(Instructions for the task):
Transcribe the listing underneath, keeping each word exact and omitting the images.

+++ Data excerpt

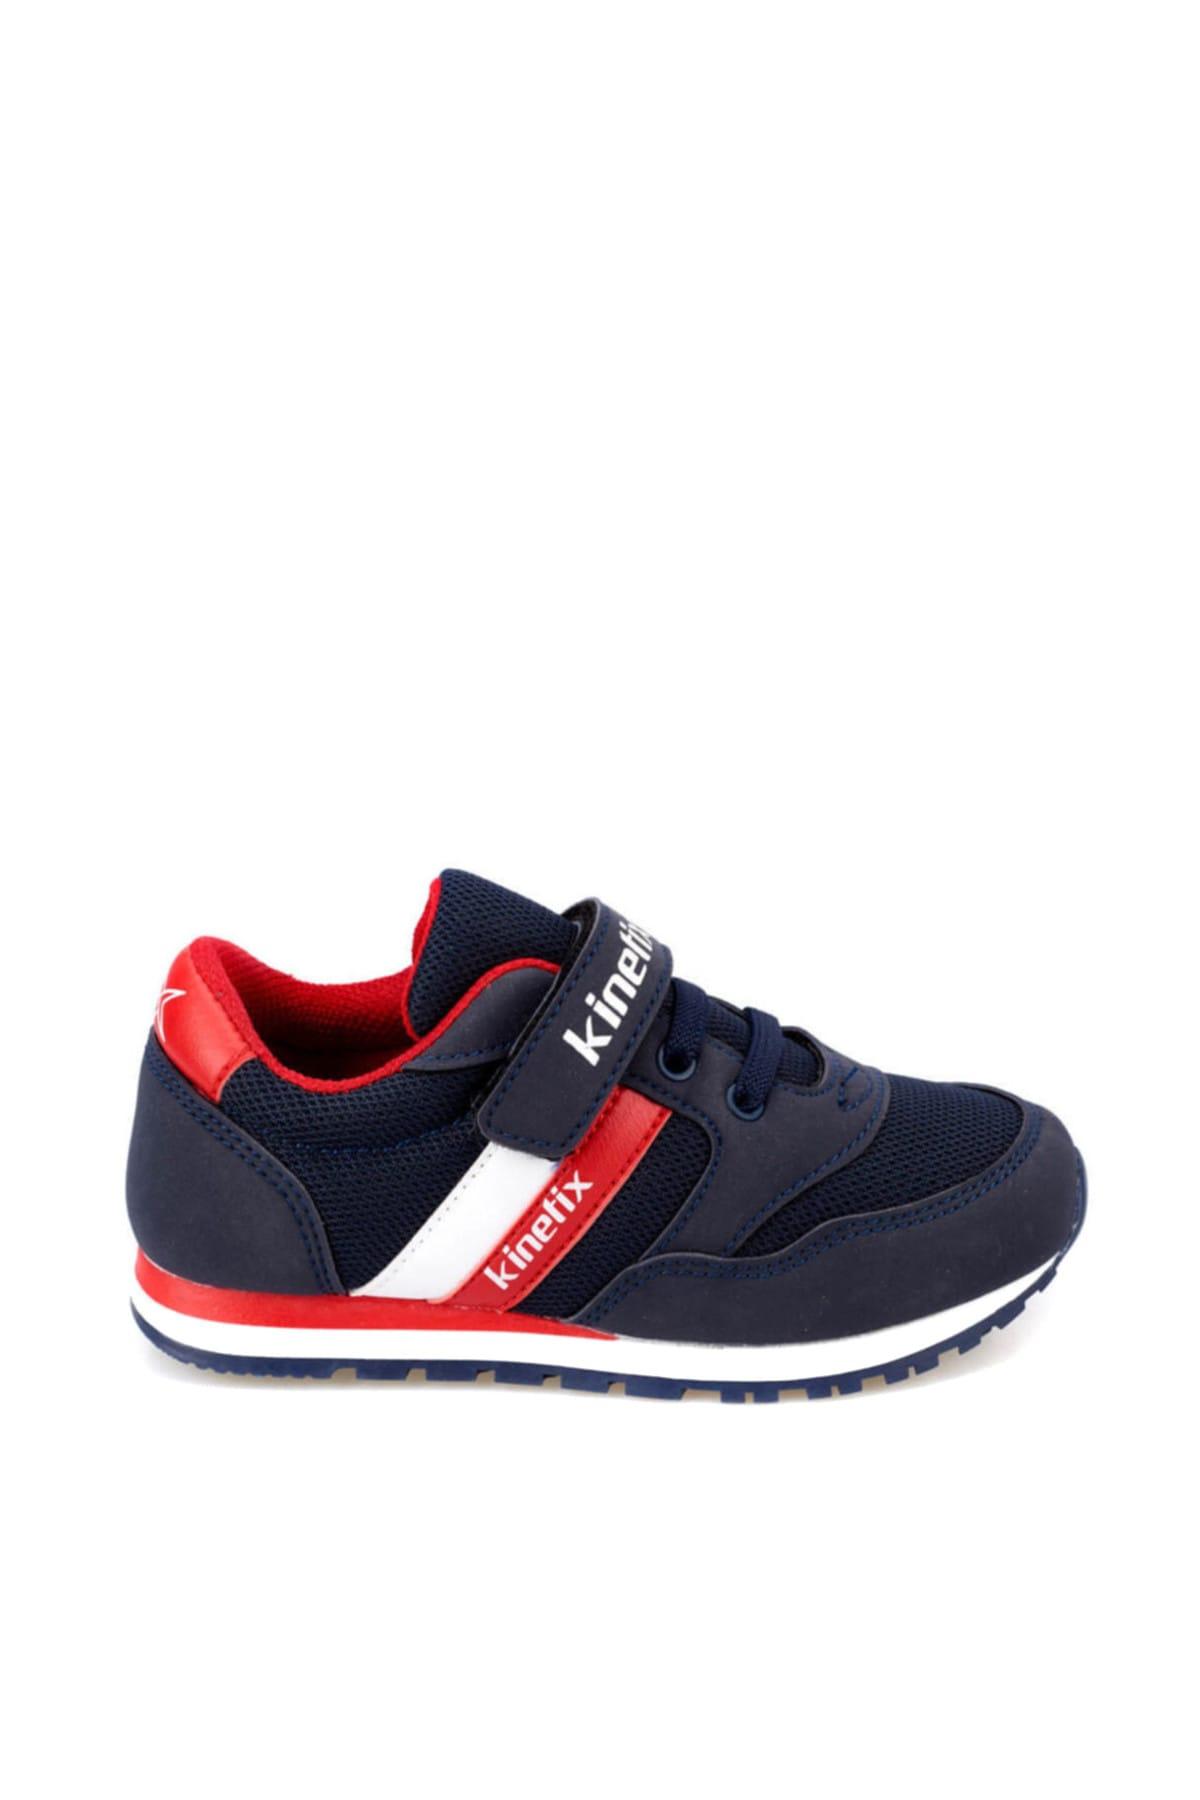 Kinetix PAYOF Lacivert Kırmızı Erkek Çocuk Sneaker 100243134 2
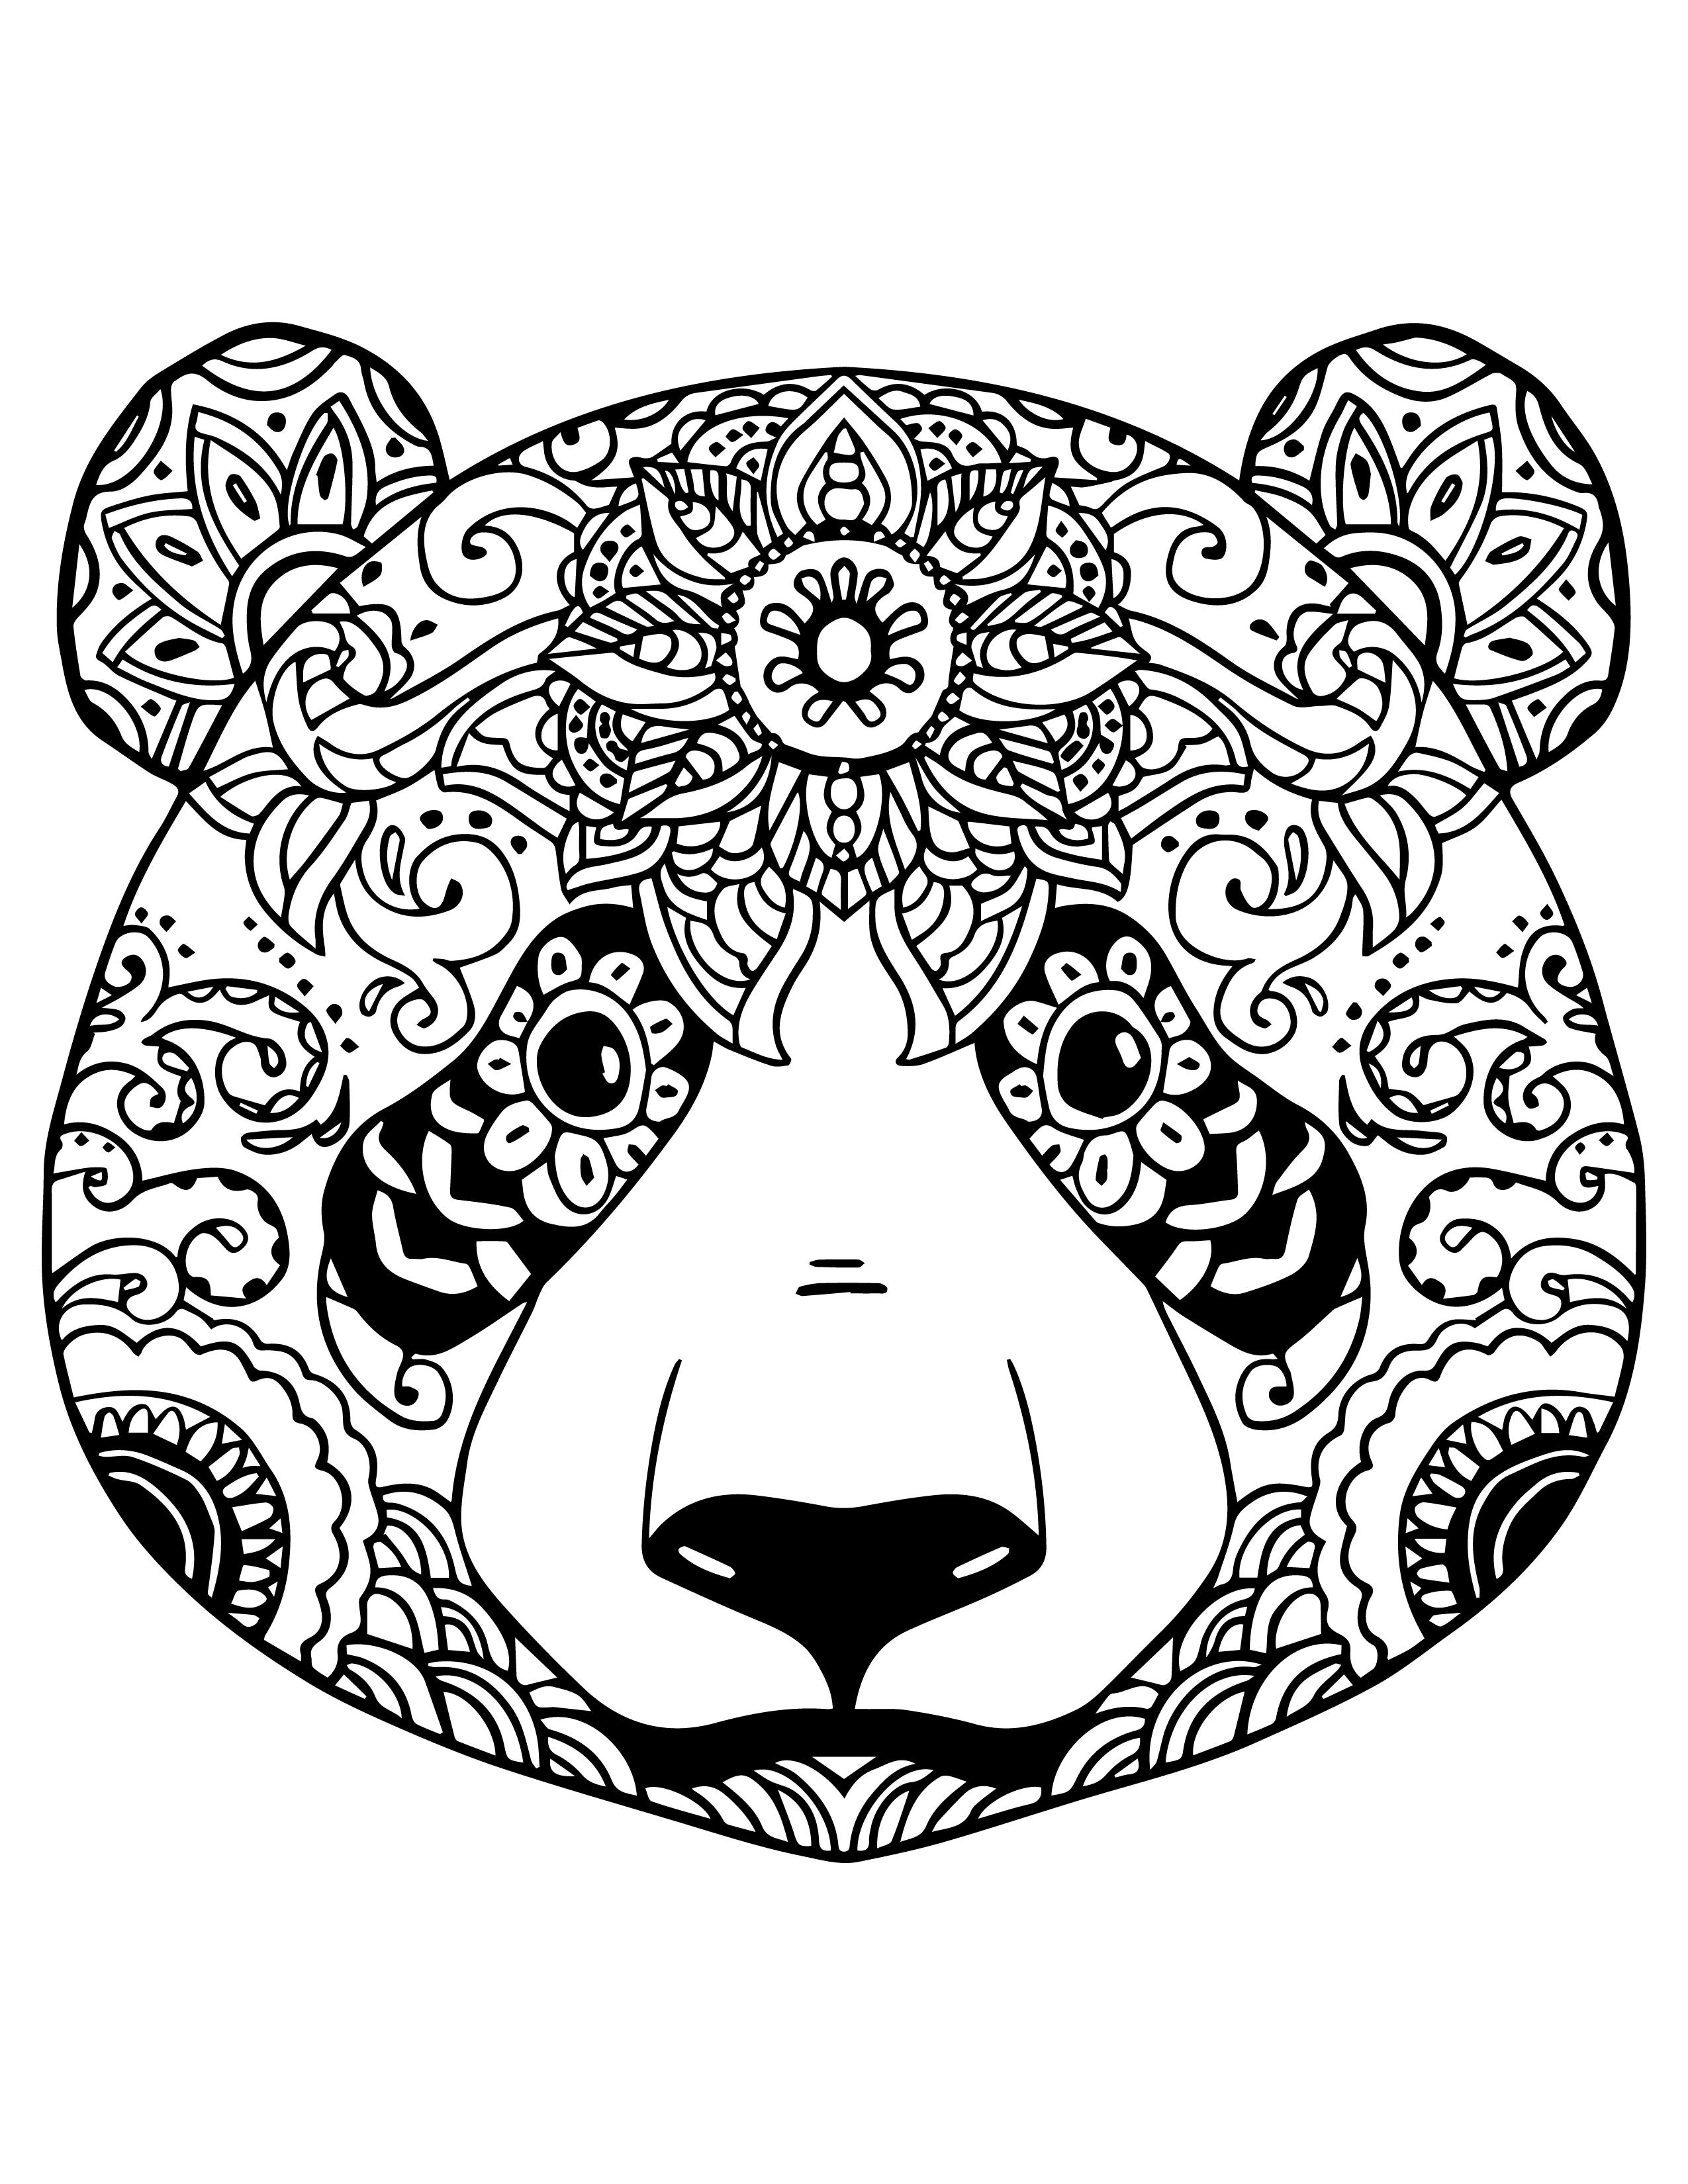 Nouveau Coloriage A Imprimer Mandala Animaux Gratuit
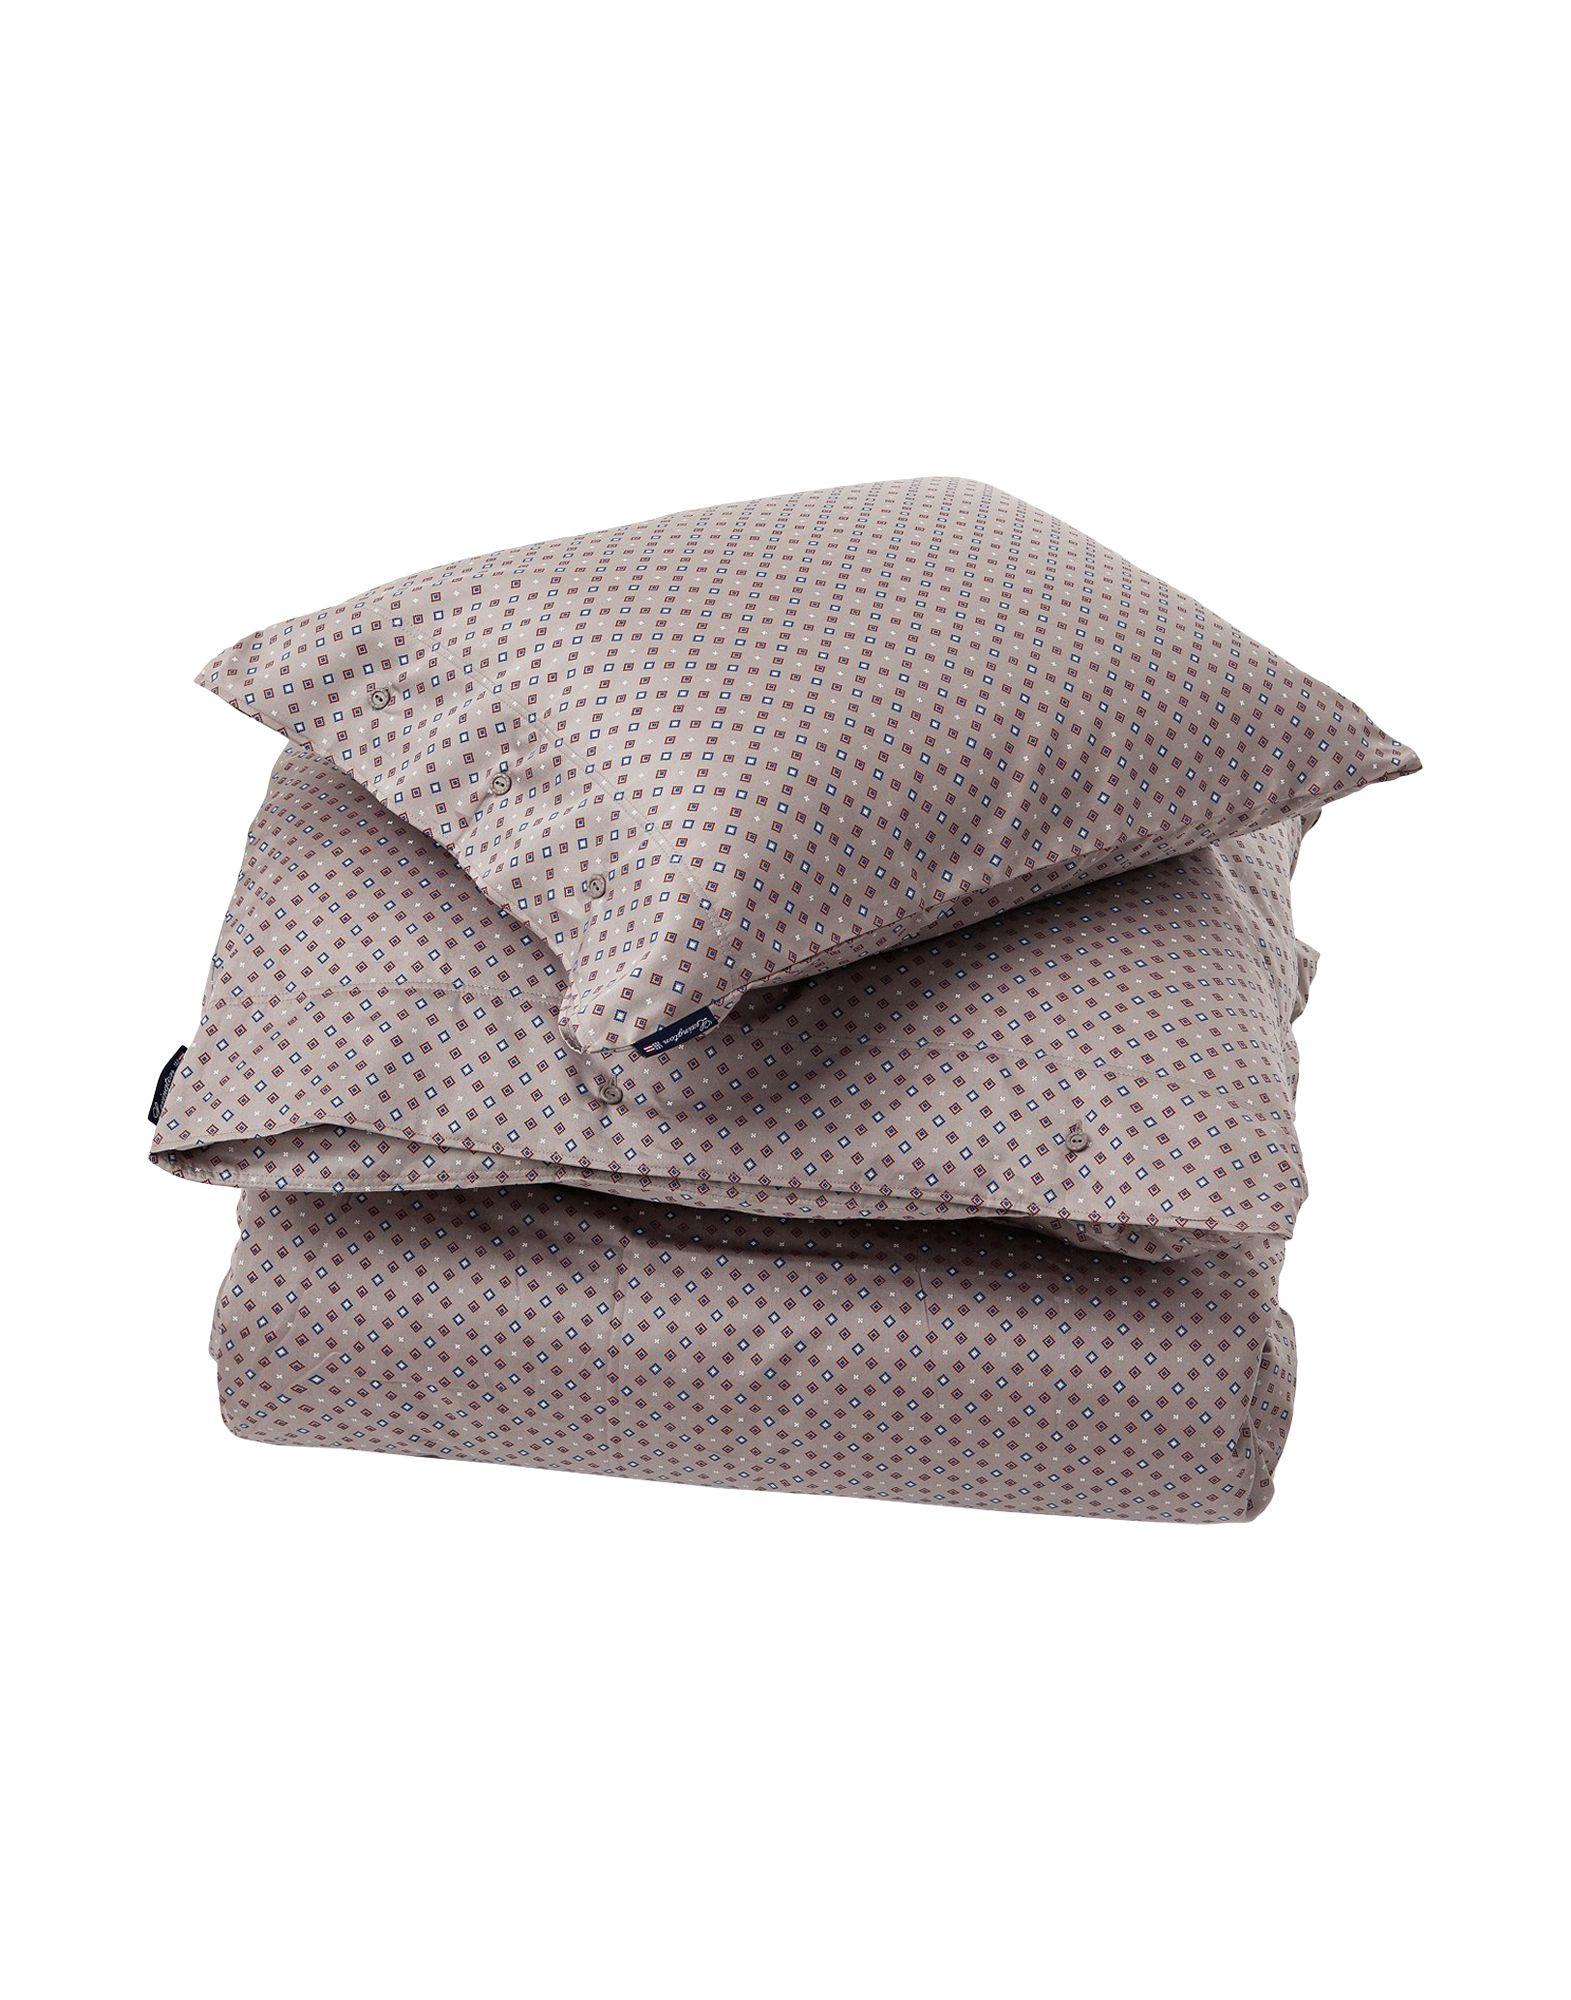 Lexington Duvet Covers

++++++

(The answer):
 Kinetix PAYOF Lacivert Kırmızı Erkek Çocuk Sneaker 100243134 2
 Nouveau Coloriage A Imprimer Mandala Animaux Gratuit
 Lexington Duvet Covers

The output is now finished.